The page reordering feature allows users, during classification validation, to correct any out-of-order pages, so that the DU process downstream (extraction, extraction validation) will execute on the correct order of pages.
All you need to do is update your IntelligentOCR.Activities pack to 6.25.0-preview or higher, go to the Create Document Classification Action or Present Classification Station activity, and set the EnablePageReordering input argument to True.
Once you do that,
- you can start dragging and dropping pages from any position to any other position
- you can start dragging and dropping sections (once separated) up and down - this is really useful if you really need documents incoming in a certain order in your automation
- you will notice the displayed document also shows you the pages in the “corrected” order, so that the human reviewing the document can see the final “order” of the pages in a natural flow and not have to do mental juggling
Important notes:
Enabling Page Reordering DOES NOT alter the document being processed. It instead collects the correct page information in the ClassificationResult array output. You can then use that information (look for the PageRange new property of the result) to do what’s needed in your automation, or pass it along for data extraction, and the DataExtractionScope will know what to do with it
This feature will also be available for the DocumentUnderstanding.Activities pack in a short while.
This is a preview package with a boatload of features, if you find any bugs please let us know and we’ll squash them before the GA release!
Compact View in Validation Station 
There’s almost no DU automation that doesn’t need human validation of extracted data at one point or another… And for high volume use cases, the Human Validators go through hundreds of documents a day. We’re now ready to present what we’ve been working on to make your lives easier!
First for the techies: update your IntelligentOCR.Activities pack to 6.25.0-preview or higher, go to the Create Document Validation Action or Present Validation Station activity, and set the DisplayMode input argument to Compact.
( Oh, by the way, you can also enable Right-To-Left Languages controls as well! If set to true, the RTL options appear in Validation Station under a value’s three dots. They help the user with some display settings (right/left/auto align value), and with a shorthand for reversed extractions, “Reverse Words”.
)
… and this is what you get:
There are so many cool features, that I’ll just list them here in TLDR mode and let you discover them on your own. So some pointers:
number and date types are now enforced (a human cannot “forget” to fill in the parsed values, or accidentally enter something incorrect in any of these fields). Validators now also have a calendar picker next to date fields.
number and date fields have display settings! How do you want your date to look, dd/MM/yyyy, or maybe dd-MM, yyyy? No problemo, set it up proper and that’s how you’ll see them. Same for numbers, you can set the decimal and thousands separator to fit your needs.

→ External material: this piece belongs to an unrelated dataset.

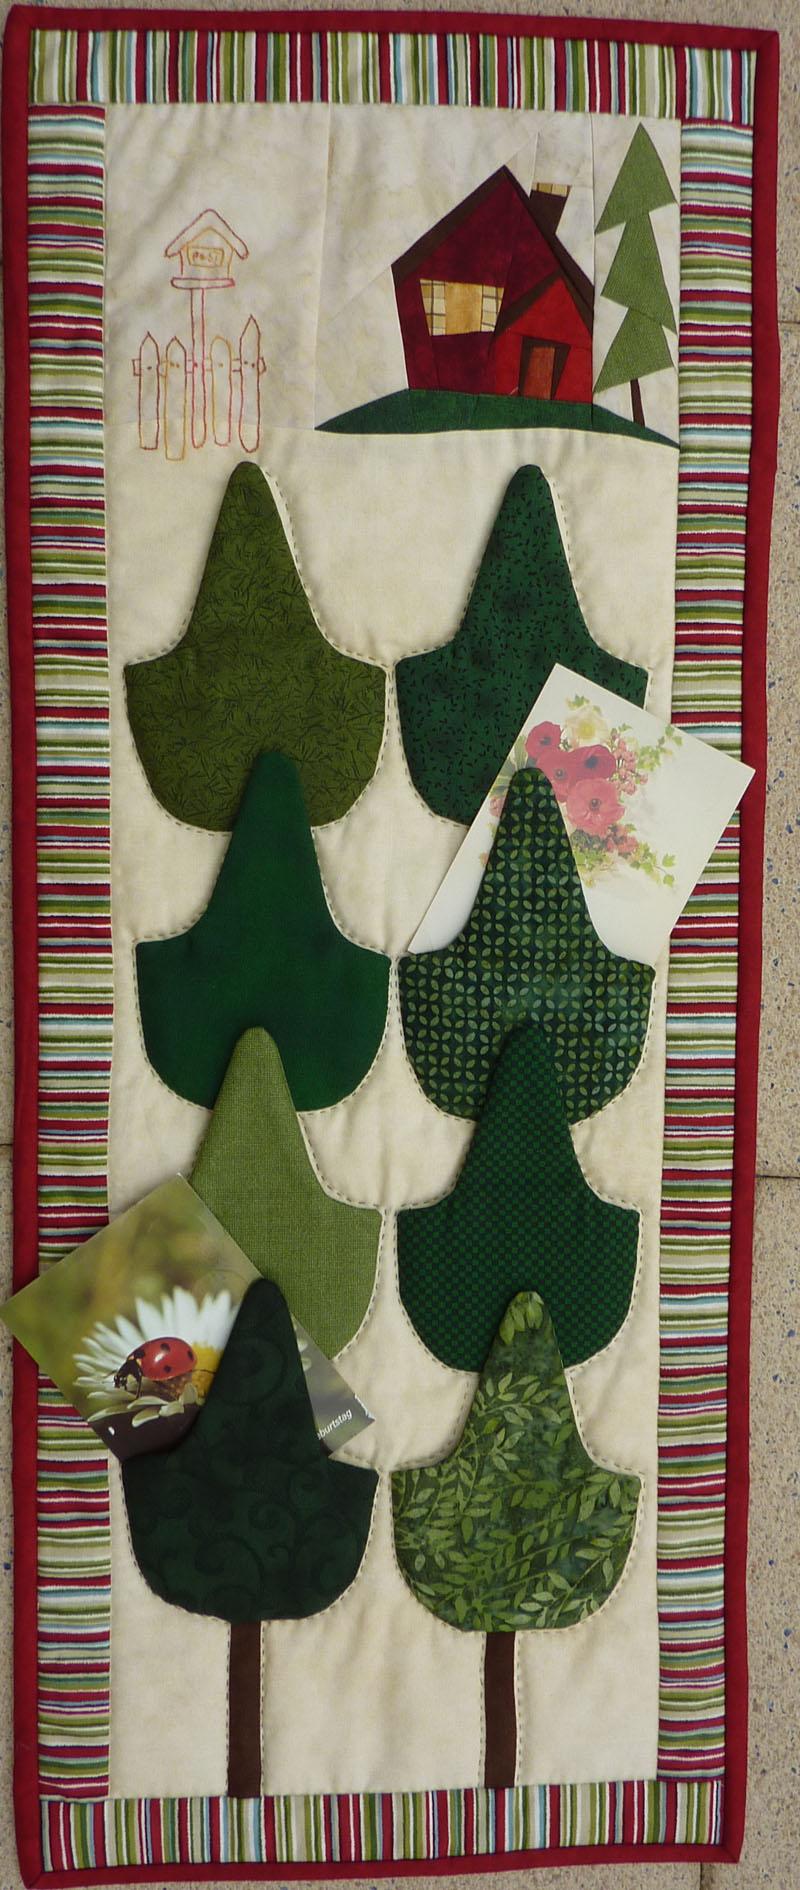 - ♡ wunderschöner Postsammler für Weihnachten  - ♡ wunderschöner Postsammler für Weihnachten

red/green bullets: we hid the confidence levels: a human looking over thousands of fields shouldn’t do the mental effort of looking at the confidence and decide if something needs to be reviewed or not - you, the RPA dev, set that up at field level in Taxonomy manager. If either OCR confidence or value confidence are below the thresholds you set, the bullet is red. If any check (taxonomy business rule) fails, the bullet is red. Otherwise, it’s green!
screen space: values now inline with the field names if there’s enough screen real estate
centralized checks view: below the fields list, you have a centralized view of all your failed business rules - clicking on one will focus the user directly on the field with issues!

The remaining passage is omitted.